DATASET EXCERPT:
++++++++++++++++++++
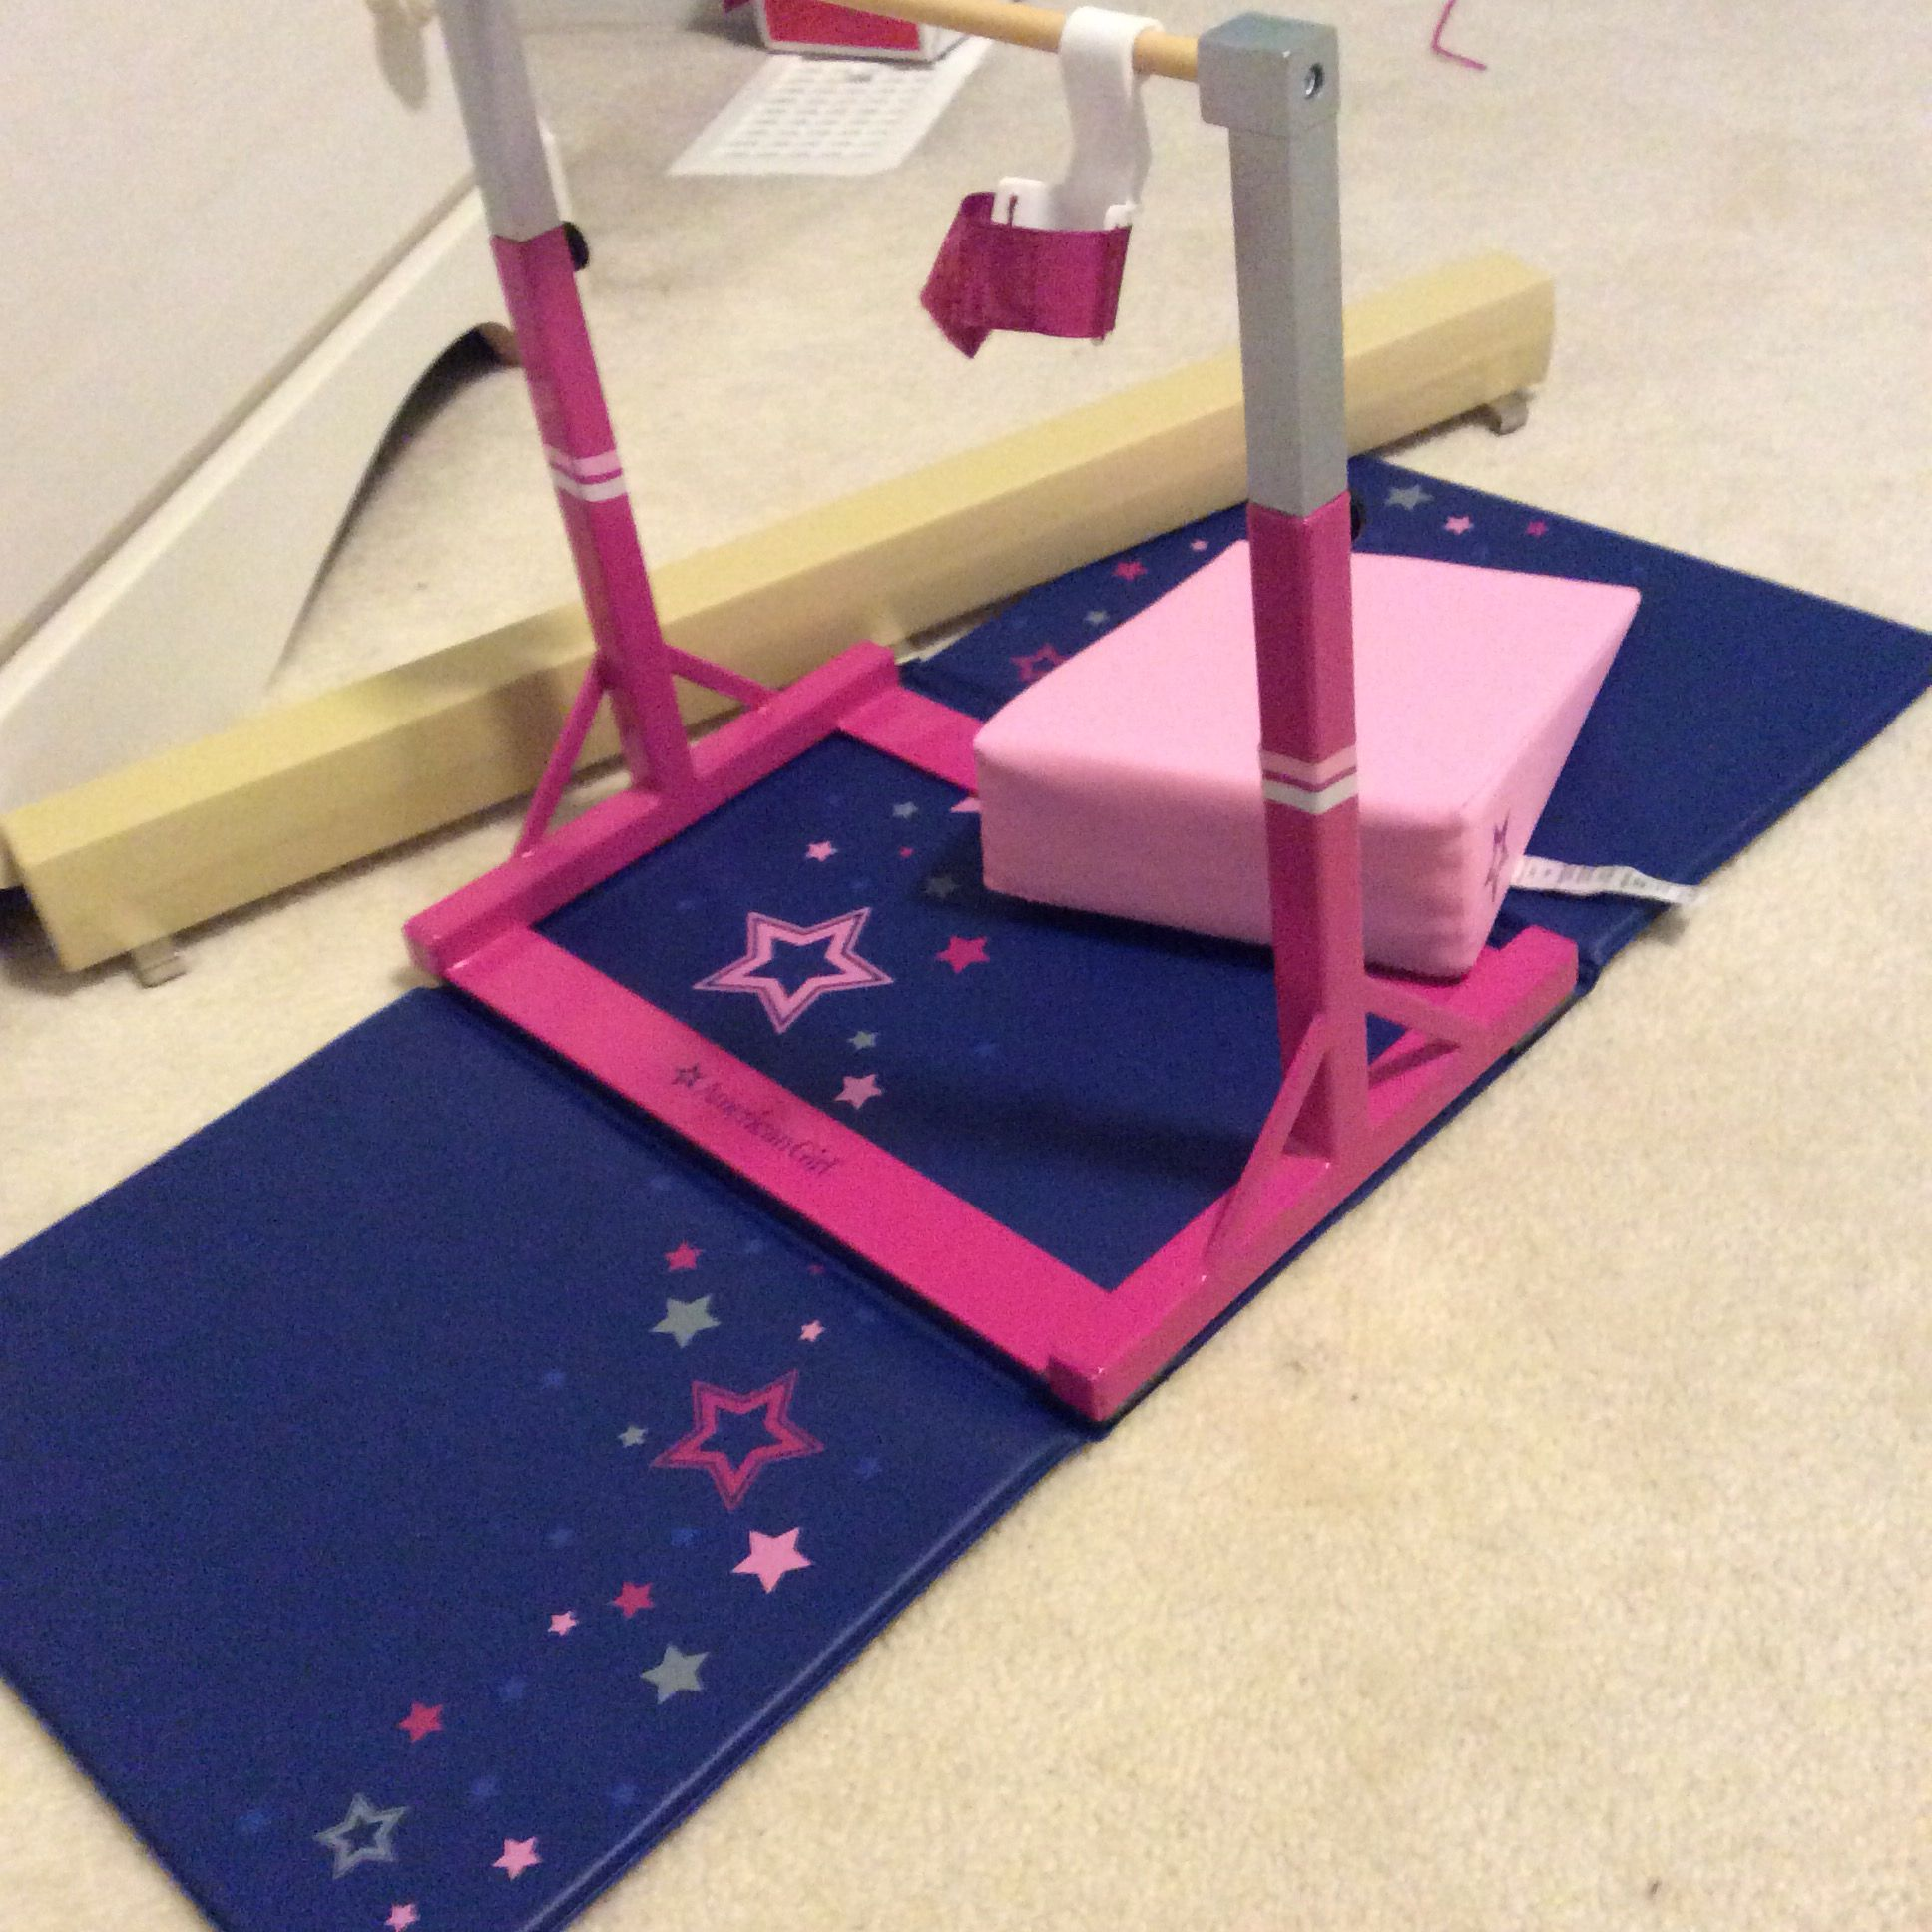 wonlink pin diy kids pu gymnastic yoga fitness mats mat ladies folding leather gymnastics for durable tumbling exercise
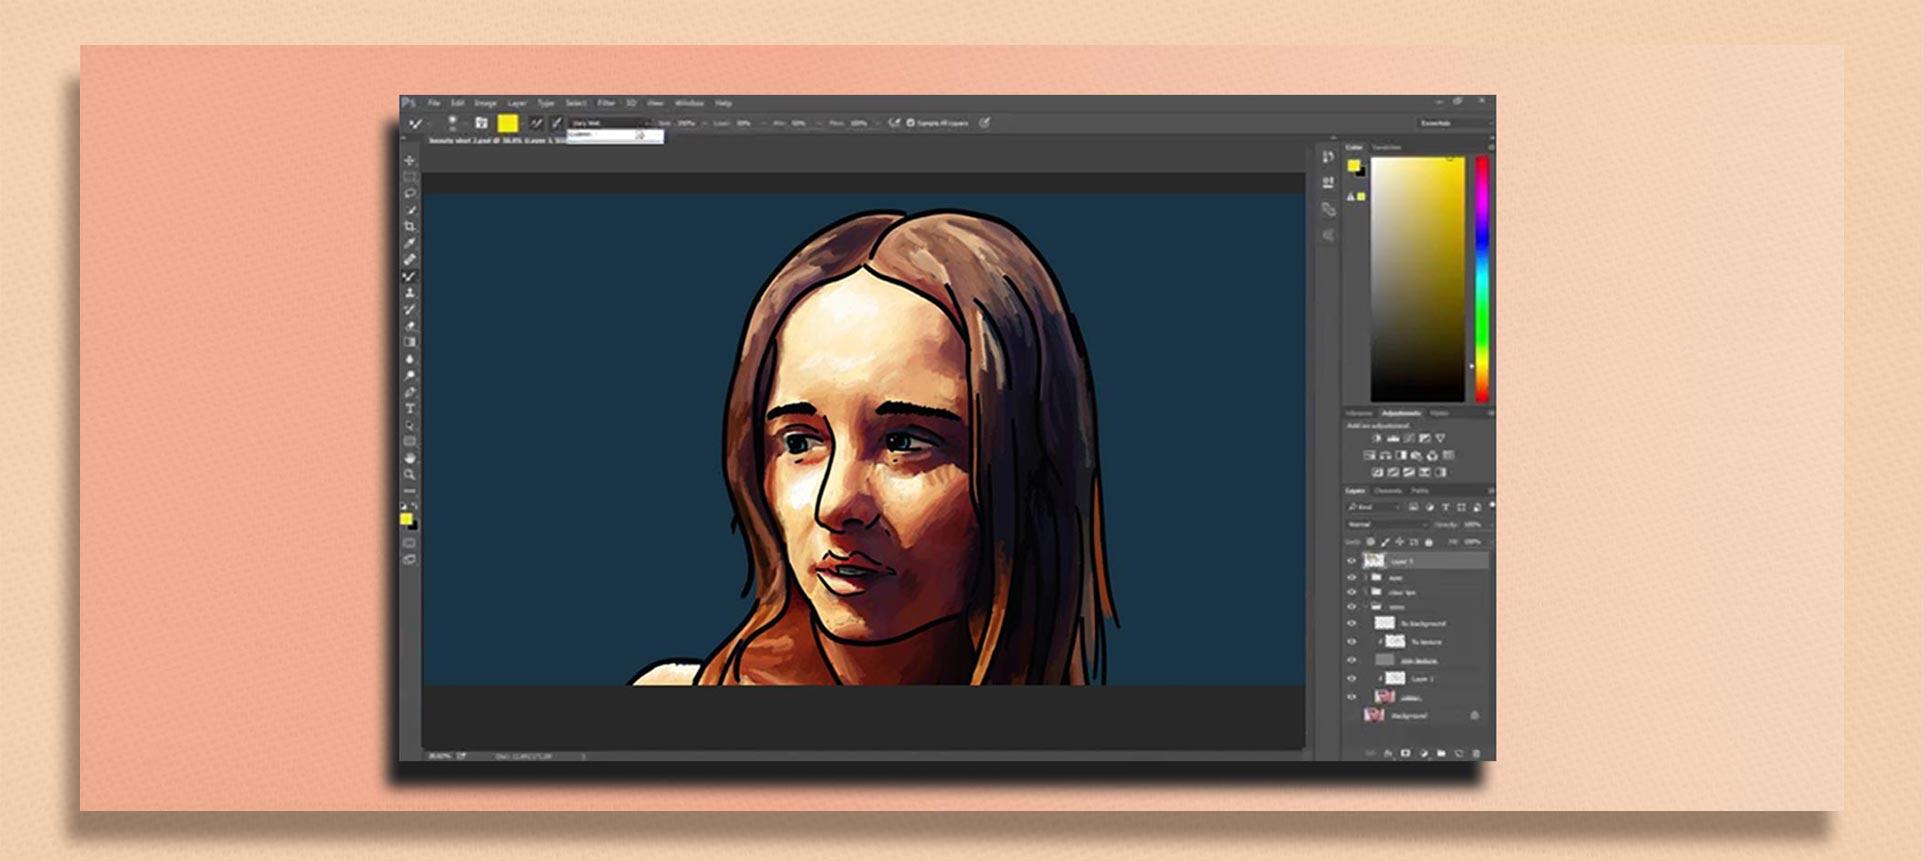 brush tool  photoshop3 1 - چگونه از ابزار براش در فتوشاپ استفاده کنیم
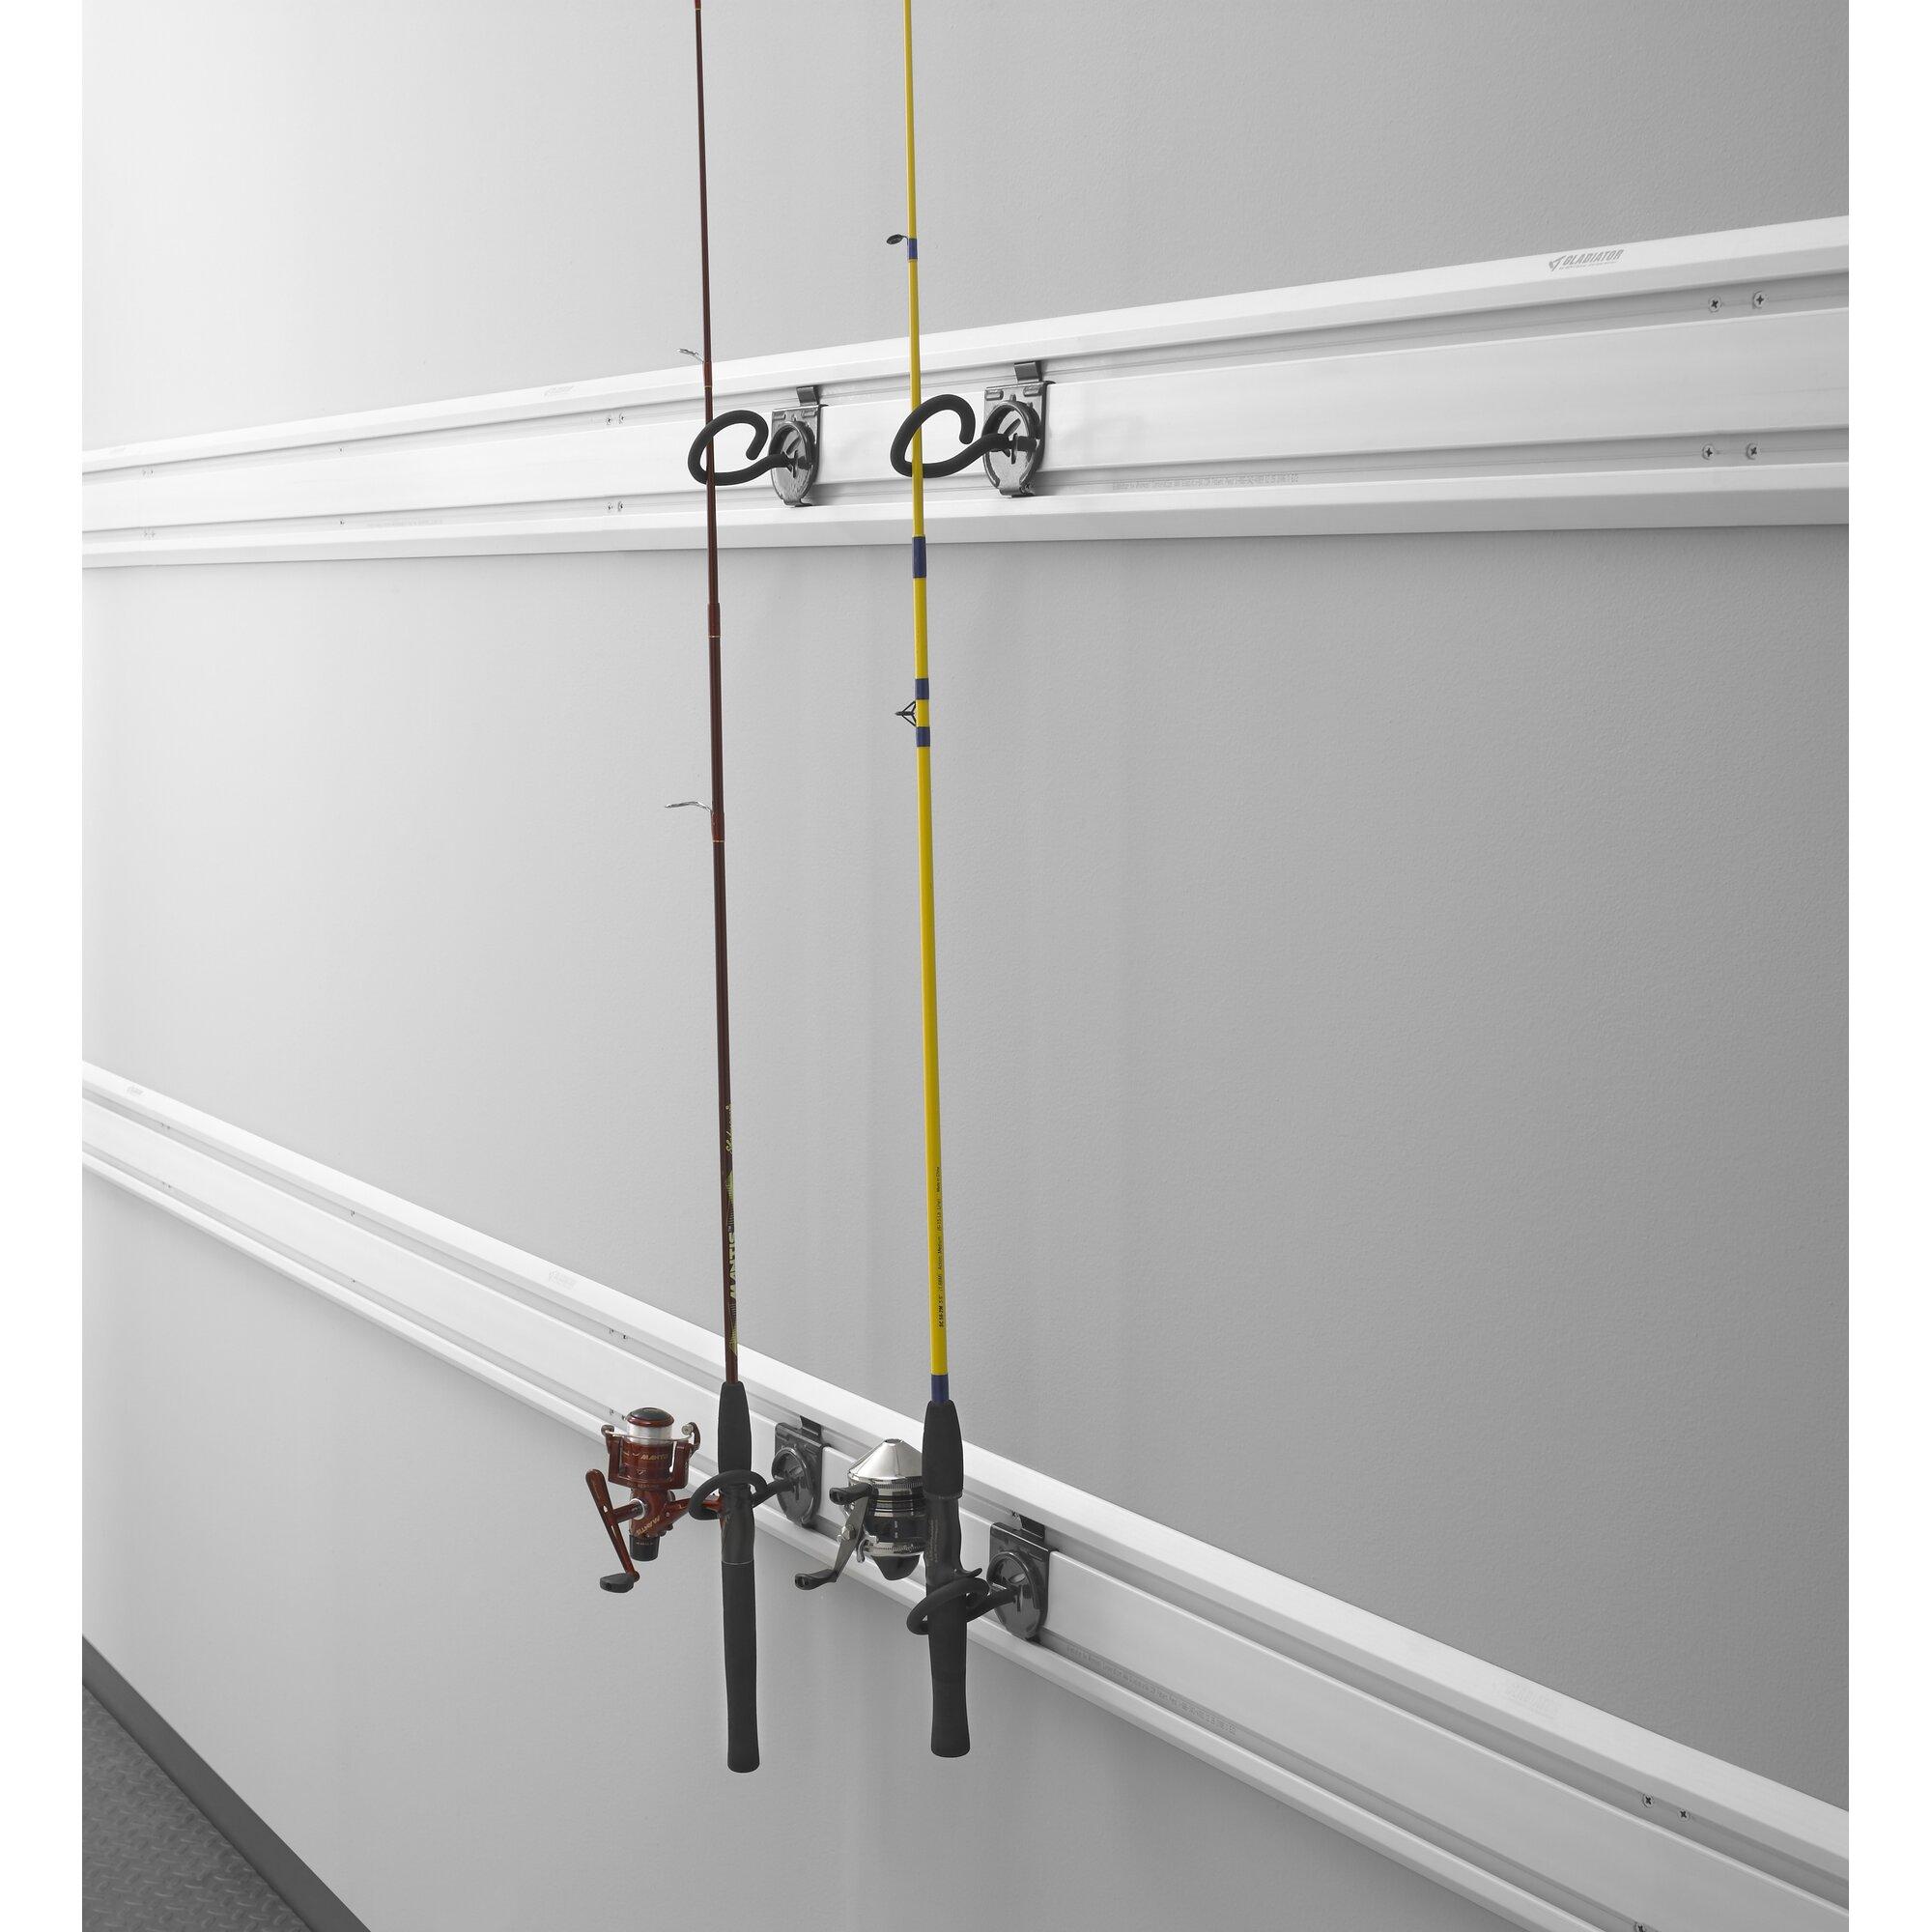 Gladiator fishing pole holder garage hook wall mounted for Wall mount fishing pole holder
++++++++++++++++++++
YOUR INSTRUCTIONS:
Your answer must be an exact copy of the data above, minus its pictures.

REPLY TO THE EXERCISE:
 wonlink pin diy kids pu gymnastic yoga fitness mats mat ladies folding leather gymnastics for durable tumbling exercise
 brush tool  photoshop3 1 - چگونه از ابزار براش در فتوشاپ استفاده کنیم
 Gladiator fishing pole holder garage hook wall mounted for Wall mount fishing pole holder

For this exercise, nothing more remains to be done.